Gestalt psychology is built upon three basic principles. First, organisms and stimuli are wholes that are composed of parts, which in turn are composed of smaller parts. Different properties apply to parts at different levels of detail. For example, a piece of music might consist of a melody and some accompanying chords; the melody and chords each consist of notes. Second, the properties of the whole (the Gestalt) depend not only on the properties of the parts, but on the relationships between the parts as well. A melody is not simply a collection of notes; its quality depends on their order and rhythm. It is not possible just by knowing the set of notes in the melody to know what it sounds like. Third, perception cannot be understood statically, as though removed from time, but only as an evolving interaction between an organism and a stimulus. Reading the score of a piece of music is a very different experience from listening to the music as it evolves over time. For example, when reading a score, I can look back a page, or twenty pages, to compare one phrase with another, but I cannot do this while listening.

These principles appeal intuitively to both the scientist and the artist. However, the Gestaltists were never able to adequately formalize them and arrive at the testable predictions demanded by the scientific method. This line of research was largely abandoned in the 1930s when many of the researchers fled Europe before the Second World War, and the strict new behaviorist psychology of B. F. Skinner and his collaborators came into vogue. Gestalt psychology is today viewed, at least in textbooks, as a scattered set of rules, philosophies, and vague generalizations that never amounted to much.

Now, at the end of the 20th century, musical aesthetics is being challenged anew. Experiments in computer composition, synthesis, and sound design call into question the privileged role of humans in music-making. The new cognitive psychology aims to create models of the representations and processes involved in human thought. By doing this, researchers believe they can merge music theory and psychological models to create artificially-intelligent computer musicians, a better understanding of the human music-listening process, and a new view of the nature of music. A primary benefit of this challenge has been a fresh look at the ideas of the Gestaltists, to see what can be captured computationally from their appealing insights.

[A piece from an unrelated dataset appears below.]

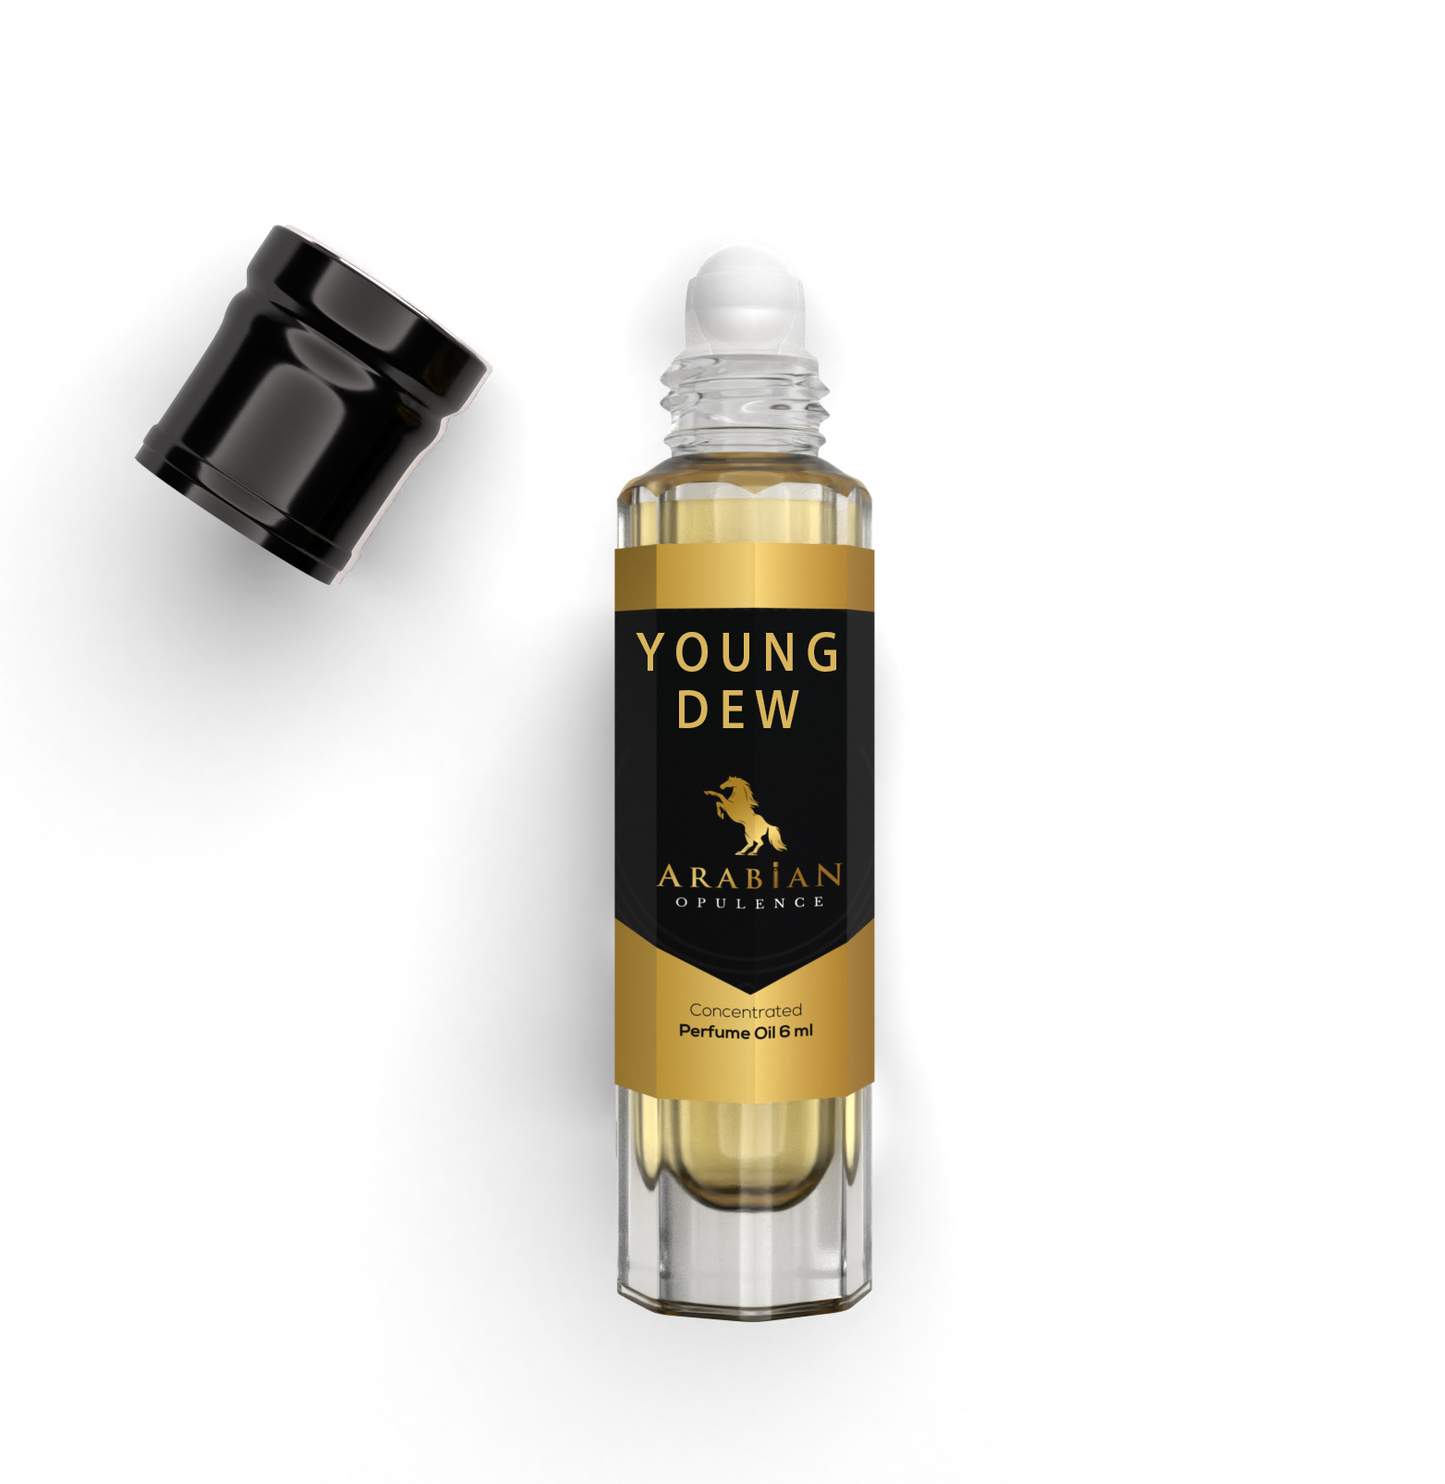 FR305 YOUNG DEW W - Perfume Body Oil - Alcohol Free

The modern study of auditory scene analysis can be understood as a turning-away from the narrow psychophysics of S. S. Stevens, Harvey Fletcher, and Eberhard Zwicker that has dominated 20th-century sound research. These prolific and principled researchers were focused on the perceptual properties, such as pitch and loudness, of the (supposedly) fundamental units of sound such as tones and noises. In contrast, contemporary psychoacoustics is dominated by the question of what happens when these units are combined into words, musical compositions, and sound environments. This question of parts and wholes is very similar to the one that concerned the Gestaltists; indeed, much of Prof. Bregman’s seminal volume is couched in terms of "Gestalt grouping rules" such as good continuation, proximity, and closure.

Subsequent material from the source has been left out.